The wiring is standard Ethernet wiring, following the T568A standard. The reality is that it doesn't matter whether you use T568A or T568B, quite honestly, but I just picked A because it's the most common and what the typical patch cable is wired for.

Category 5/5e is more than adequate for the signalling that CAN or CAN FD use. The general rating for Category 5 is 100MHz, and if we look at a quality cable, like the Belden 1224, we can see that it has the following characteristics:

Max DCR	Max DCR Imbalance	Max Capacitance	Insertion Loss(100MHz)	Fitted Impedence
89Ω/km	3%	33pF/100m	21dB/100m	100±15Ω

And it is, in fact, rated to 350MHz, far in excess of what's needed.

The makes the overall wiring looks like this:

Power Handling

Voltage Smoltage

I haven't actually settled on the voltage to use on the cabling. For now, I am using +12V, but moving up to +48V would (basically) quadruple the available power without requiring any additional copper. It does, however, somewhat complicate the individual device power supplies.

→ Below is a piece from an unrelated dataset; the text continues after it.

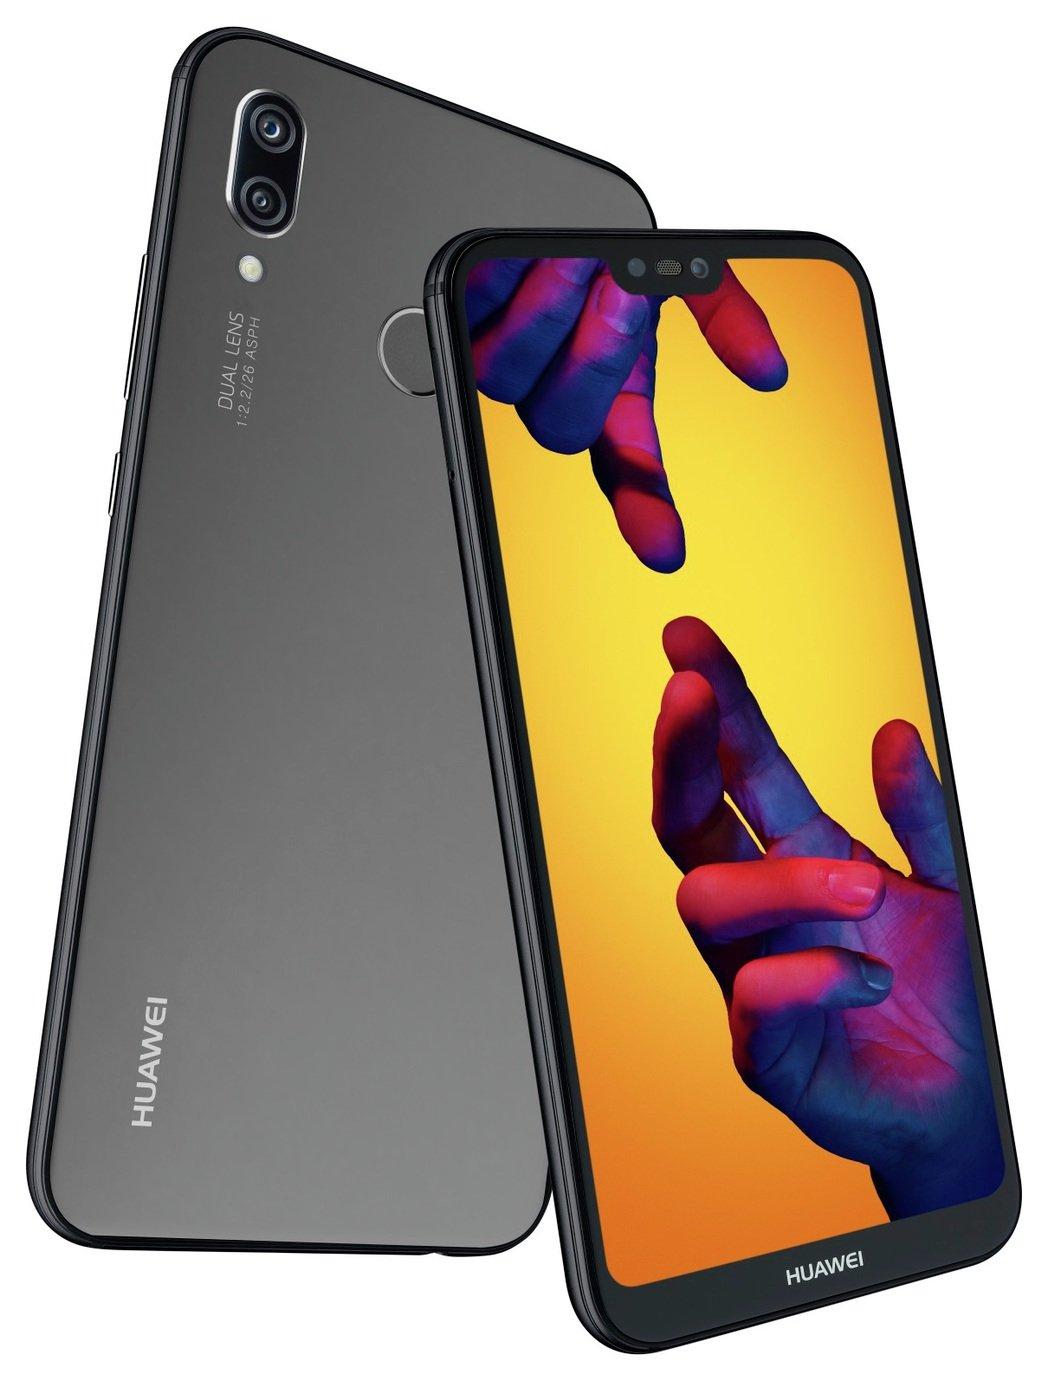 Huawei P20 lite sim free £179.95 at Argos plus get £10 voucher

At this point, I'm planning to run +12V across the cable to allow for most things to be powered off the central device. Given I use solid rather than stranded cables, we can the standard AWG wire gauge ratings of 3.5A on a 24 AWG single-core wire.

Now we can't do the math quite yet, as we need to derate the wire based on two different factors, according to the NEC:

1. Ambient operating temperature
2. More than 3 wires in a cable

So, if we do the math for operating at 40C (104F), and with the 3 power carrying conductors in the cable, we get derating factors of 0.88 and 0.80 respectively. So...

\[\begin{align} P &= 3 (3.5A \times 0.88 \times 0.80) \\ &= 3 (2.464) \\ &= 7.392A \end{align} \]

So that means we can do 7.392 * 12 = 88.7W of power on the cable. But there's a catch. The current most advanced power-over-ethernet (PoE) standard, IEEE 802.3bt-2018, says that each pair of conductors is designed to handle 960mA, which would actually put us at (generously!) 960 × 2 or 1.92A, or 23W at 12V.

This is the reason I'm thinking of switching to driving the cable with 48V, which would let me move up to 92W, which is about what the standard allows. So, perhaps I will change to a 48V distribution, which will require something like an LM5576.

We'll burn that bridge when we come to it.

Quick Note About Diagrams

The diagrams above were done with an amazing tool called Wireviz, and embedded into the MkDocs site you're reading using a little hacky Markdown extension I wrote.